An Alternative Version

The writer of the press release is not fully to blame for greatly exaggerating the research results. As we saw, the authors of the original technical article overstated their accomplishments and the significance of their work. The writer simply amplified the exaggerated claims and couched the study in the context of the secular creation narrative of life’s origin. 

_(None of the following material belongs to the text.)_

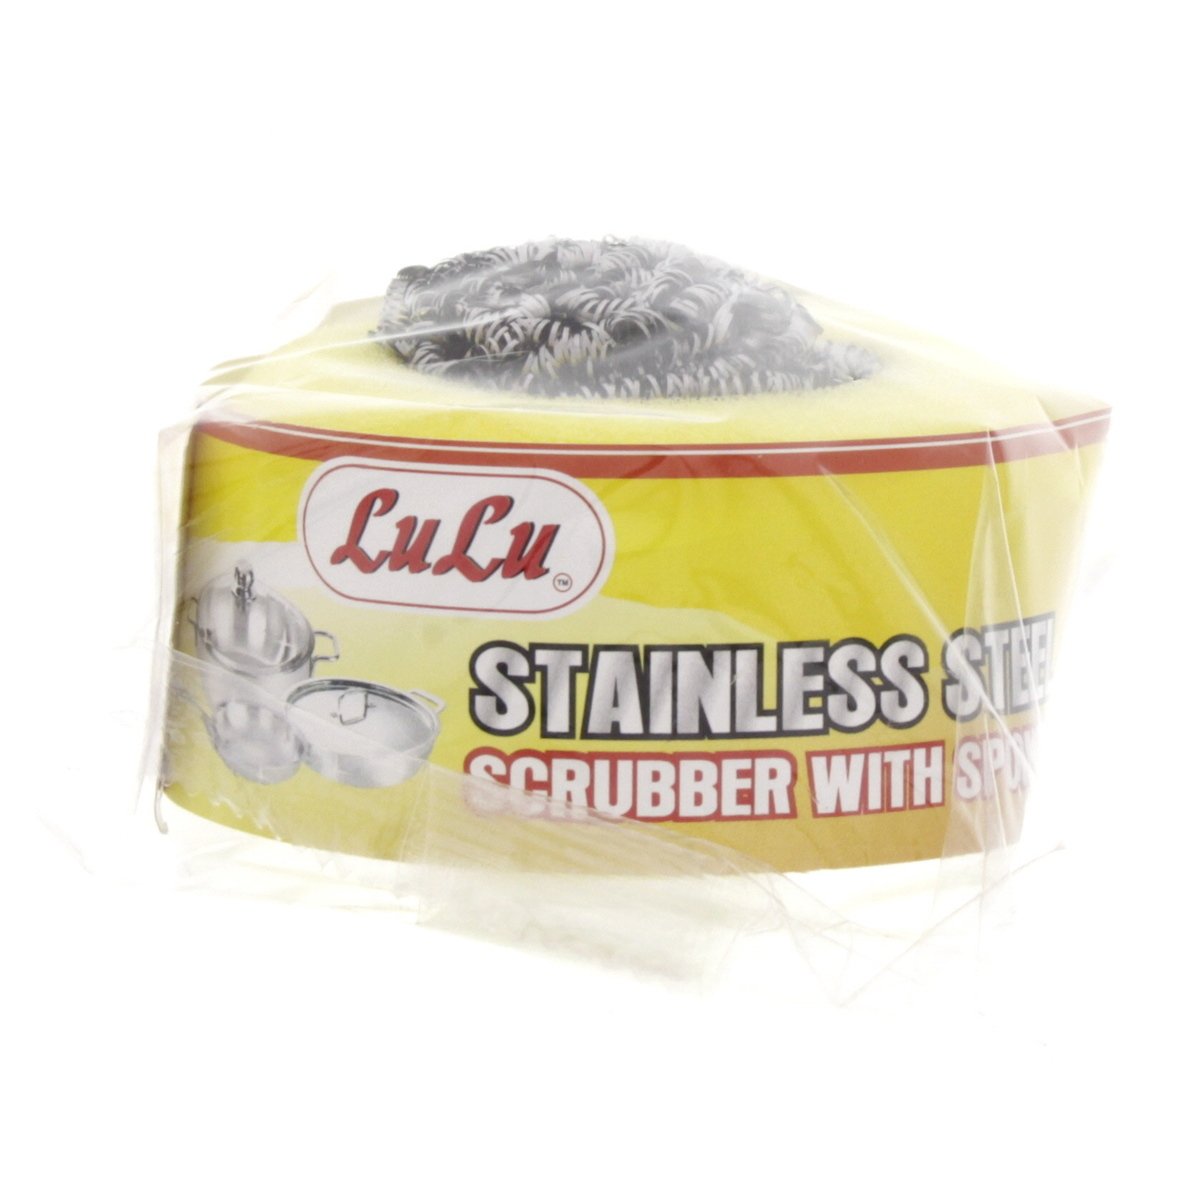 LuLu Stainless Steel Scrubber With Sponge 1pc
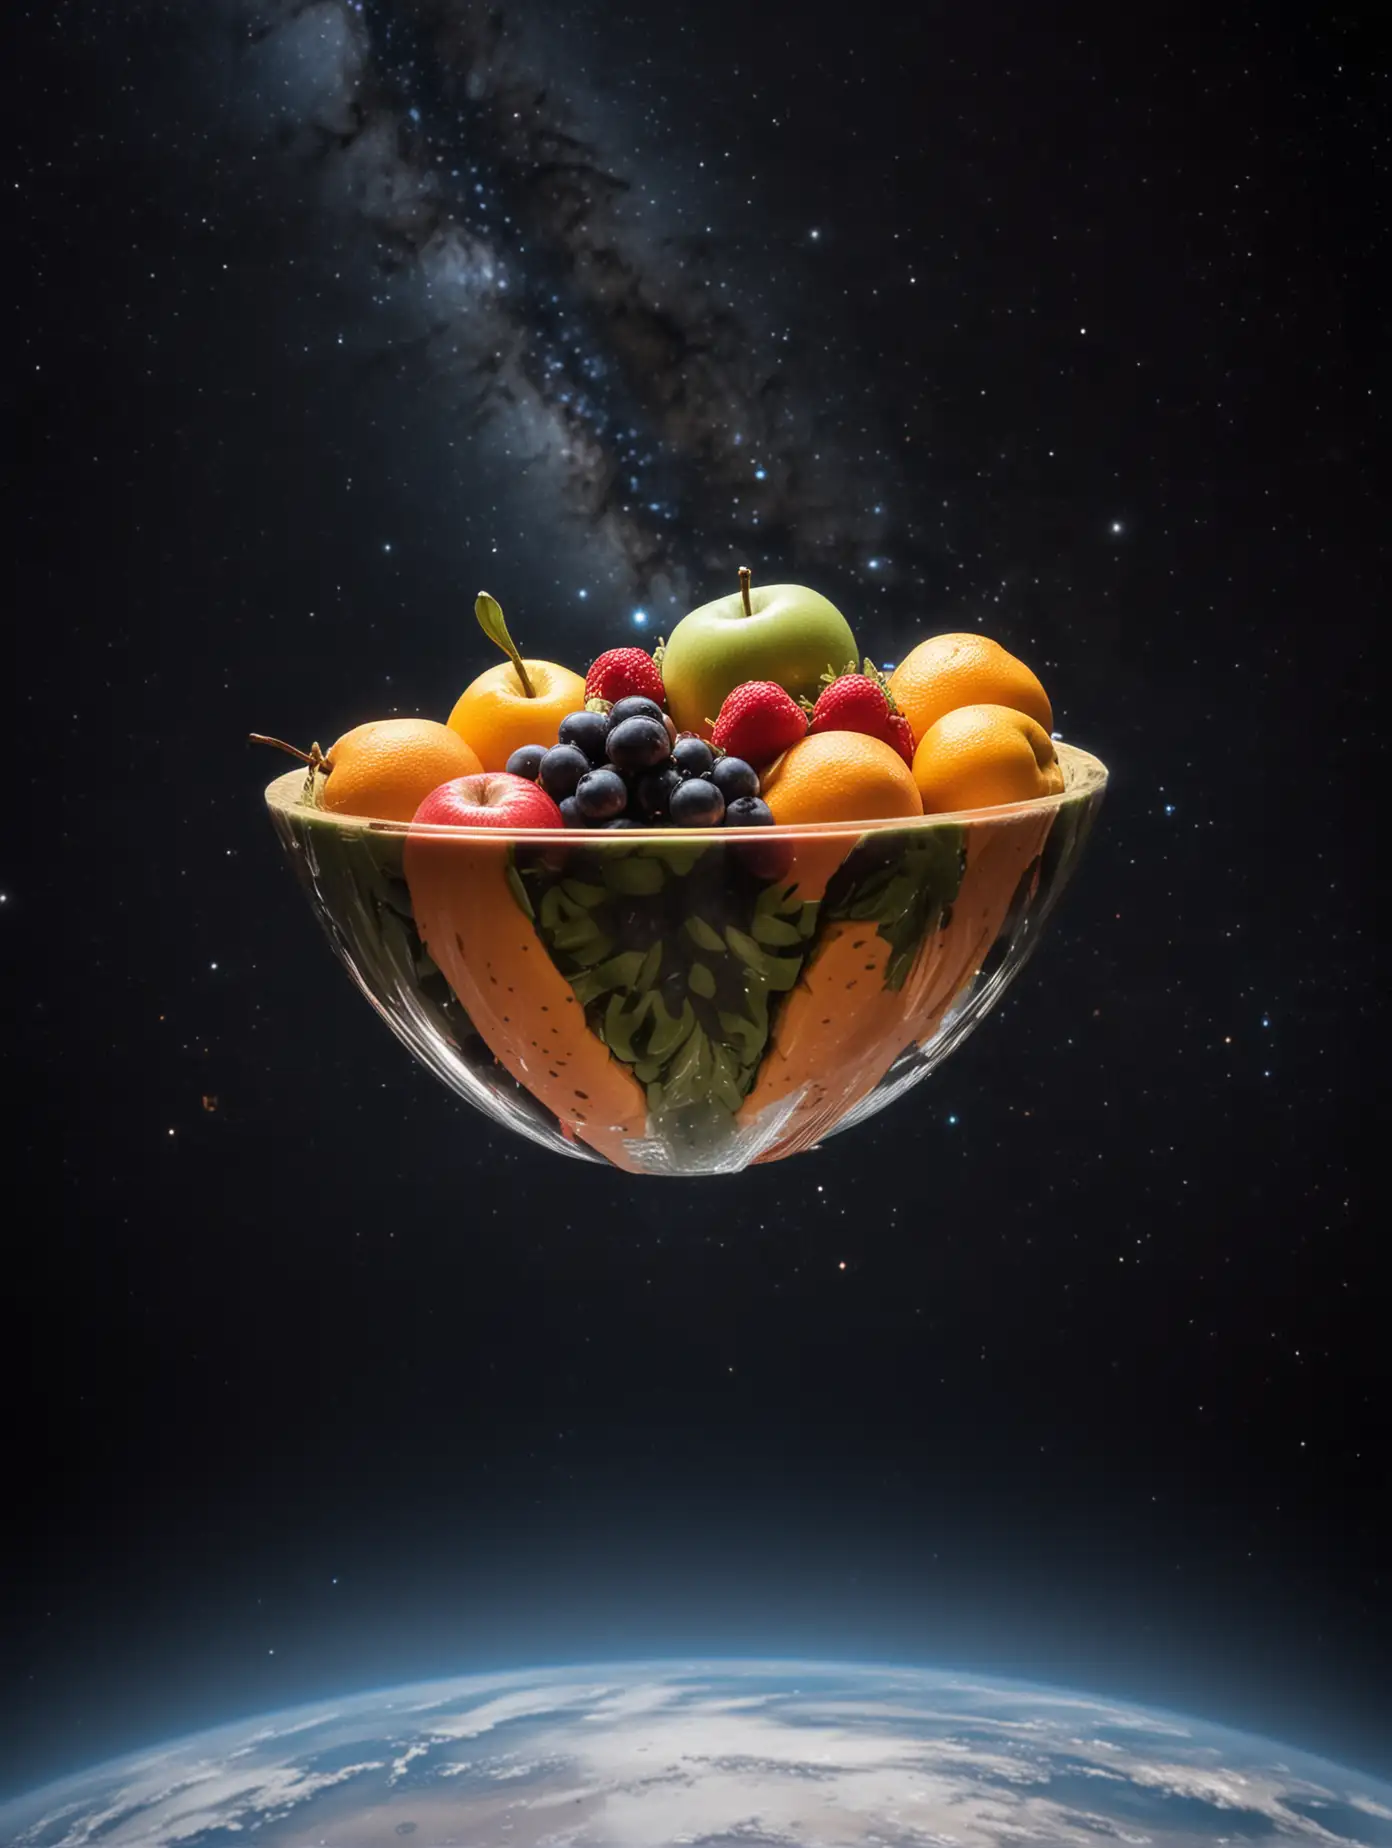 Floating Fruit Bowl in Cosmic Space

If the writer fully understood the research and prioritized scientific accuracy, the summary would have read more like the following:

Researchers further demonstrated the implausibility of life originating through undirected processes. Their experiment reinforces the conclusion that any form of molecular replication requires the highly sophisticated machinery that only exists in living cells. And the origin of any cellular component requires externally imparted information. The study also further discredits the claim that Darwinian evolution could have assisted life’s origin by showing that random mutations at best only slightly modify preexistent functions in proteins. Nothing novel ever emerges, and complexity never significantly increases.